In Which a Local Doughnut Shop Steps Things Up with Mochi Treats…

Not quite the same as a pon de ring, but just as good...

Not quite the same as a pon de ring, but just as good…

The pon de ring, a flower-shaped doughnut made with mochiko (glutinous rice flour) has long been a crowd-pleaser at the Japanese shops of the global chain Mister Donut (or, as the Japanese call it ‘MisDo’).  These sinkers aren’t just pretty, they’re quite tasty, too: soft, chewy, not too sweet, and so perfect for dipping in either coffee or tea.  These yeast-raised rice doughnuts have been popular in other parts of Asia for nearly a decade now, but have only now made it to Philippine shores.

Japanese bakery JiPan was one of the first to ride the mochi doughnut wave, serving up rice-flour rings topped with one’s choice of chocolate or strawberry-white choc or even green-tea-white-choc frosting as far back as 2012.  More recently, a local stall has begun to offer pon de ring-style sinkers in a variety of flavors.  This is Gavino’s.

Gavino’s Donuts and Coffee prides itself on ‘Japanese donuts and more’.  Their mochi donuts come in a number of interesting flavors: the usual sugar glazed and the more intriguing green tea glazed ones.  (The green tea flavor actually pops at you, a herbaceous, green flavor that goes beautifully with the lightly sweet dough.)  There are peanut butter doughnuts, several chocolate ones, and even a rather fetching red velvet one that sports a pretty coating of cream cheese frosting.  Even the munchkins – referred to here as mochi balls – are more interesting as these are piped full of scrumptious, unctuous fillings.  (Go get the choco lava; watch the lush ganache spurt out!)  They even have cheesecake doughnuts – glazed rings that have been split open crosswise and lavishly stuffed with billowy cream cheese filling.

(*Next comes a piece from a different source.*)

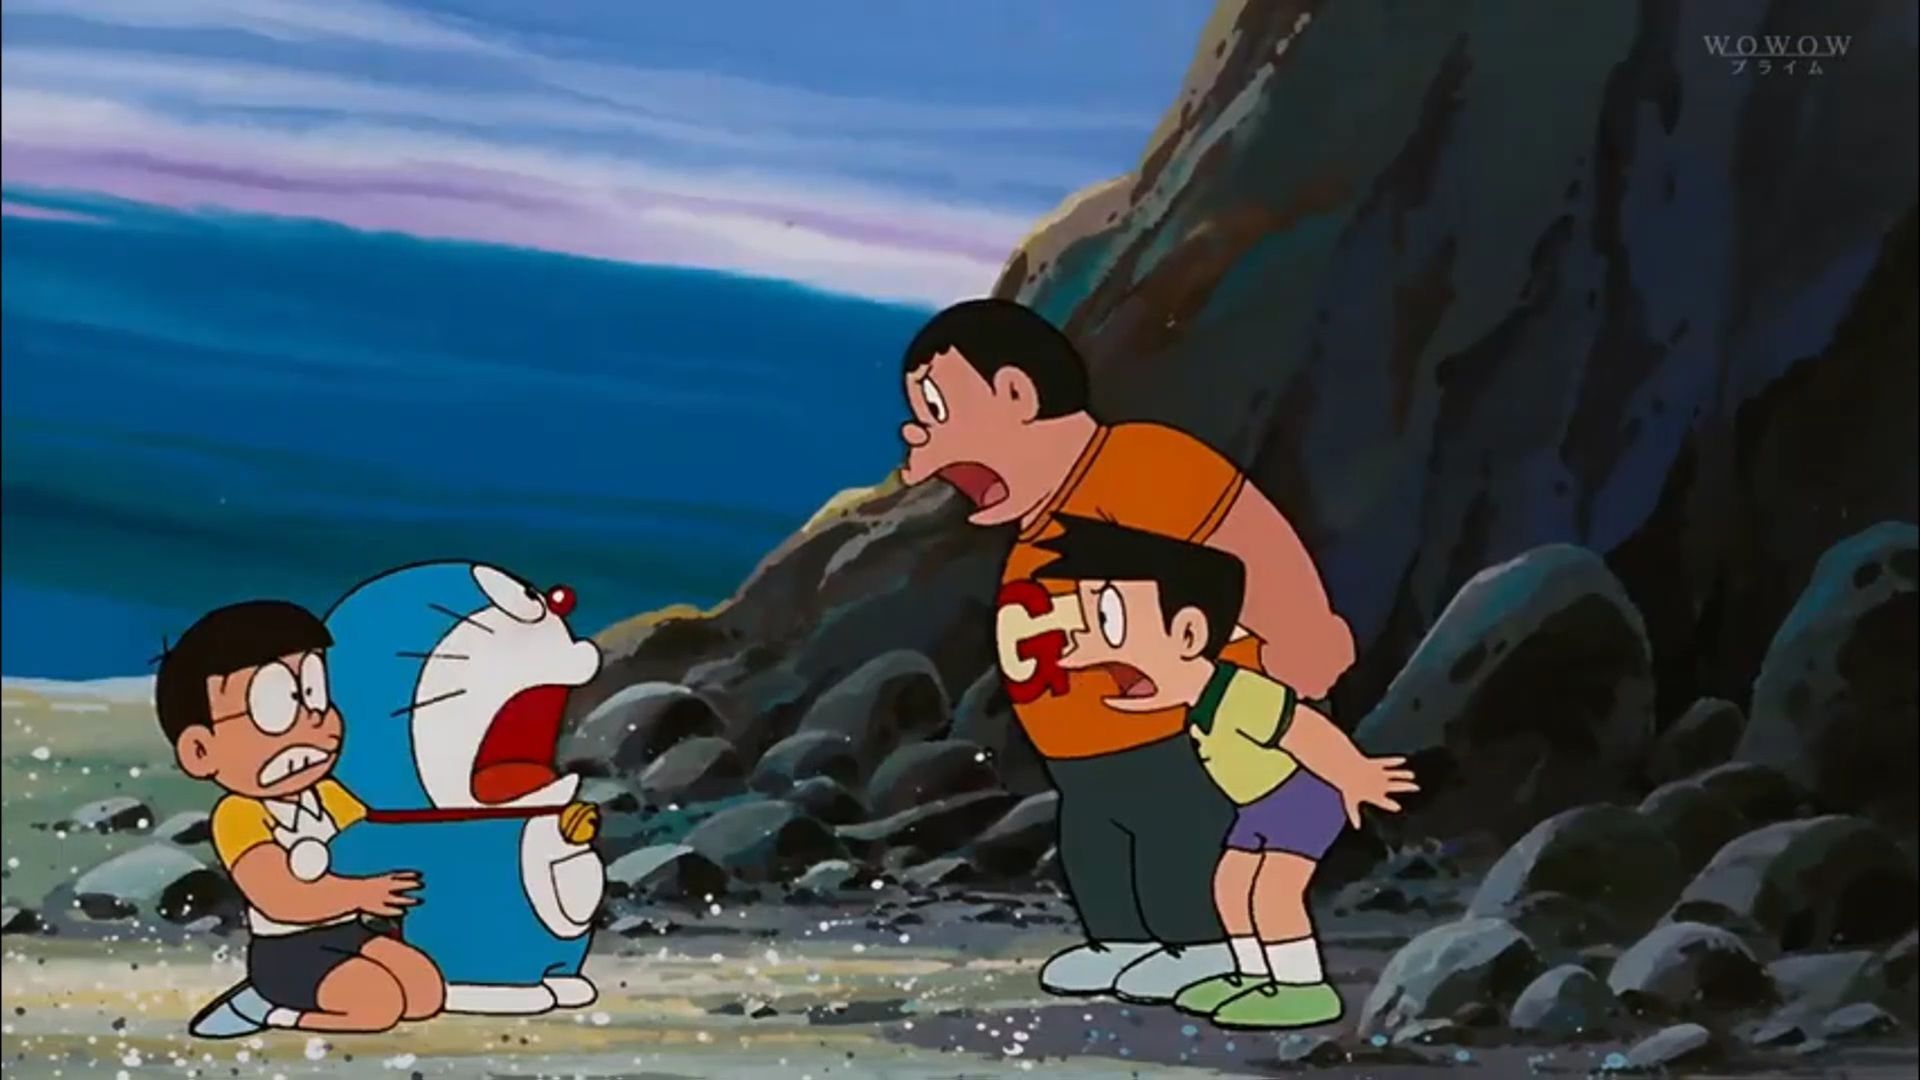 Doraemon truyện dài: Nobita và lâu dài dưới đáy biển - P4 - Bilibili

To describe these would be to say that they are certainly puffier, chewier than the mochi doughnuts over at JiPan.  My brother goes so far as to compare these to carioca – a doughnut-like snack made with glutinous rice flour, doused with brown sugar syrup, and served in sets of three threaded onto a wooden skewer like Japanese o-dango [sweet dumplings].

I am not sure if I’d order these again, though the red velvet and cheesecake variants are certainly more than a little moreish.  But these are great for nibbling with tea or gobbled down with coffee for a sweet, unusual breakfast.